(DATASET EXCERPT)
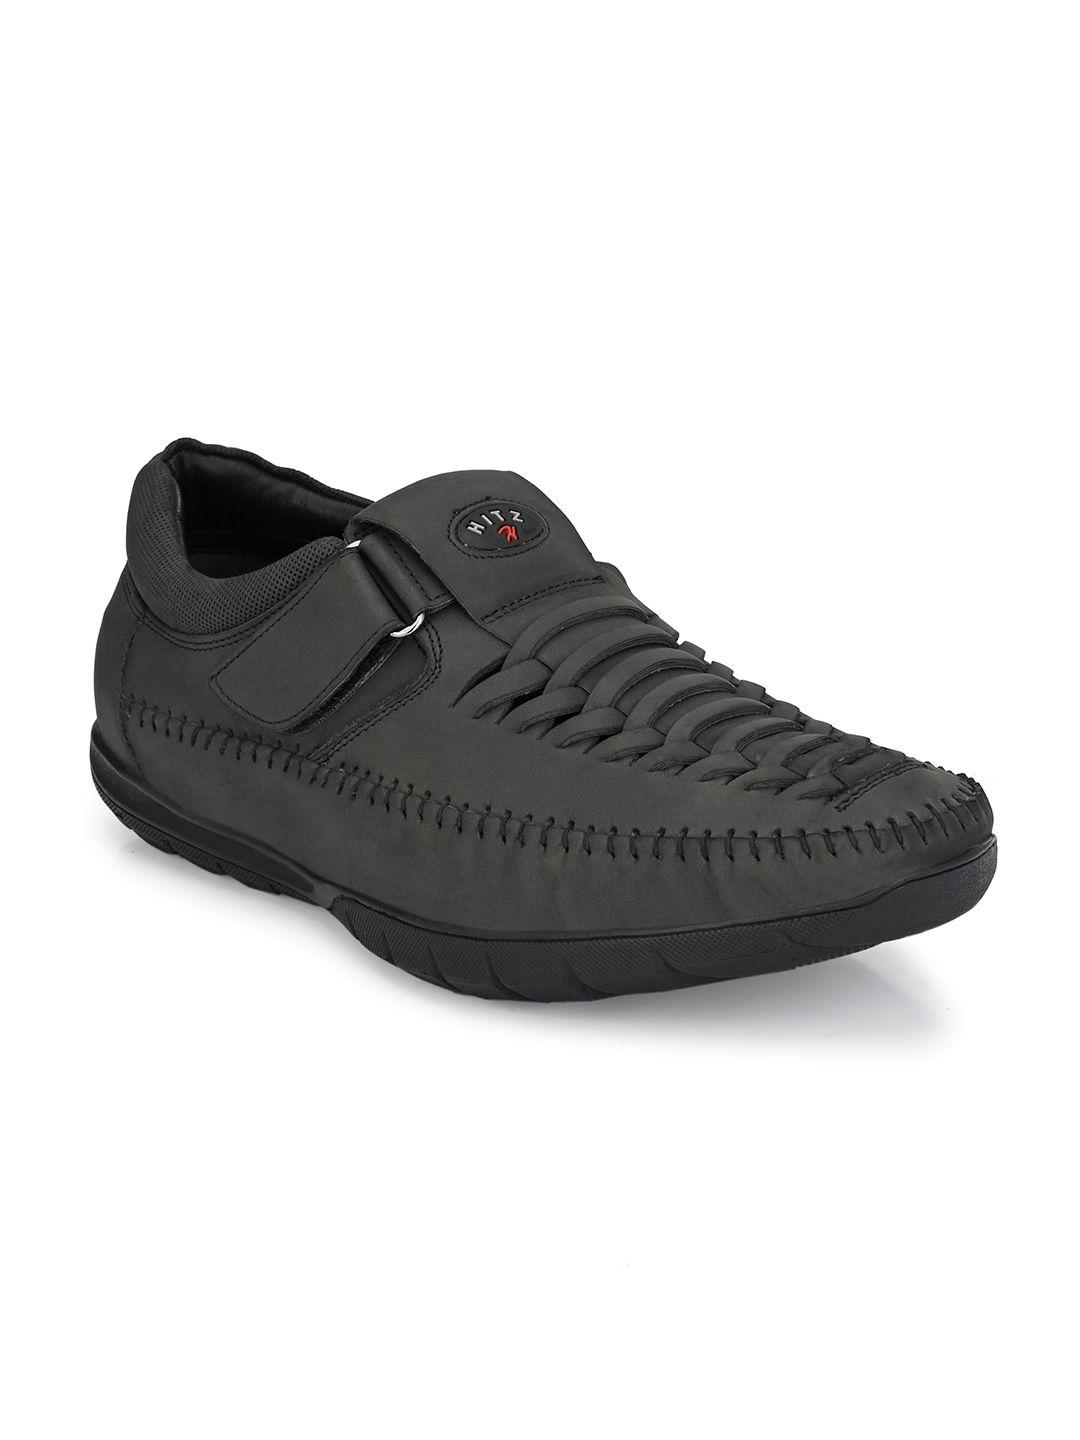 Hitz Men Black Shoe-Style Sandals
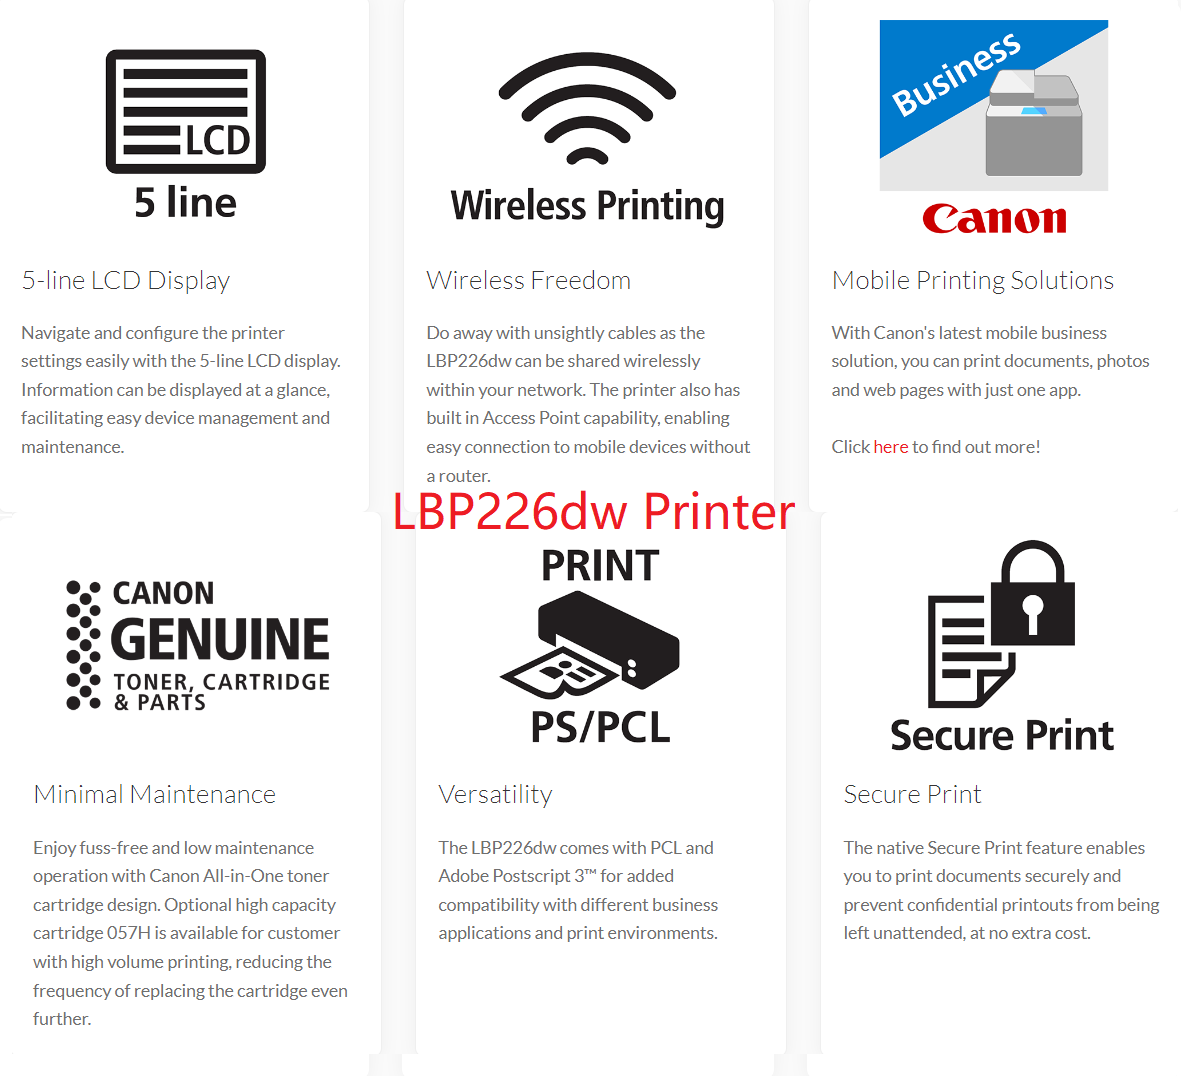 Canon imageCLASS LBP223dw / LBP226dw / LBP228x Monochrome Laser Printer
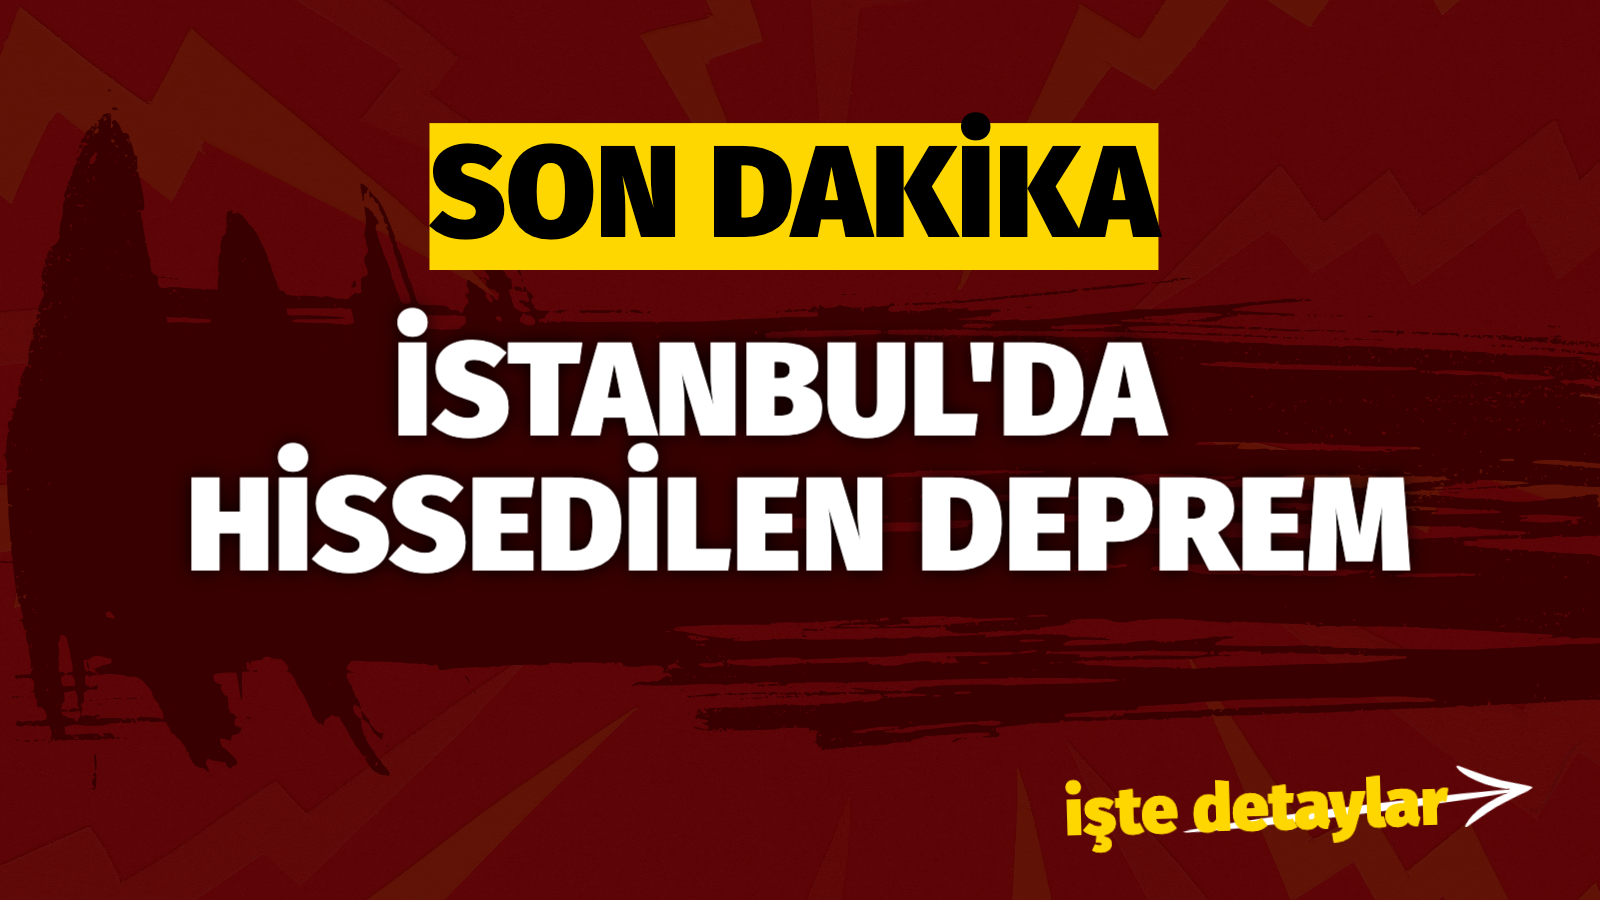 İstanbul’da deprem! Resmi açıklama bekleniyor .

(HOW TO COMPLETE THIS TASK) Repeat the material above word for word, please, apart from its images.

(YOUR RESPONSE)
 Hitz Men Black Shoe-Style Sandals
 Canon imageCLASS LBP223dw / LBP226dw / LBP228x Monochrome Laser Printer
 İstanbul’da deprem! Resmi açıklama bekleniyor .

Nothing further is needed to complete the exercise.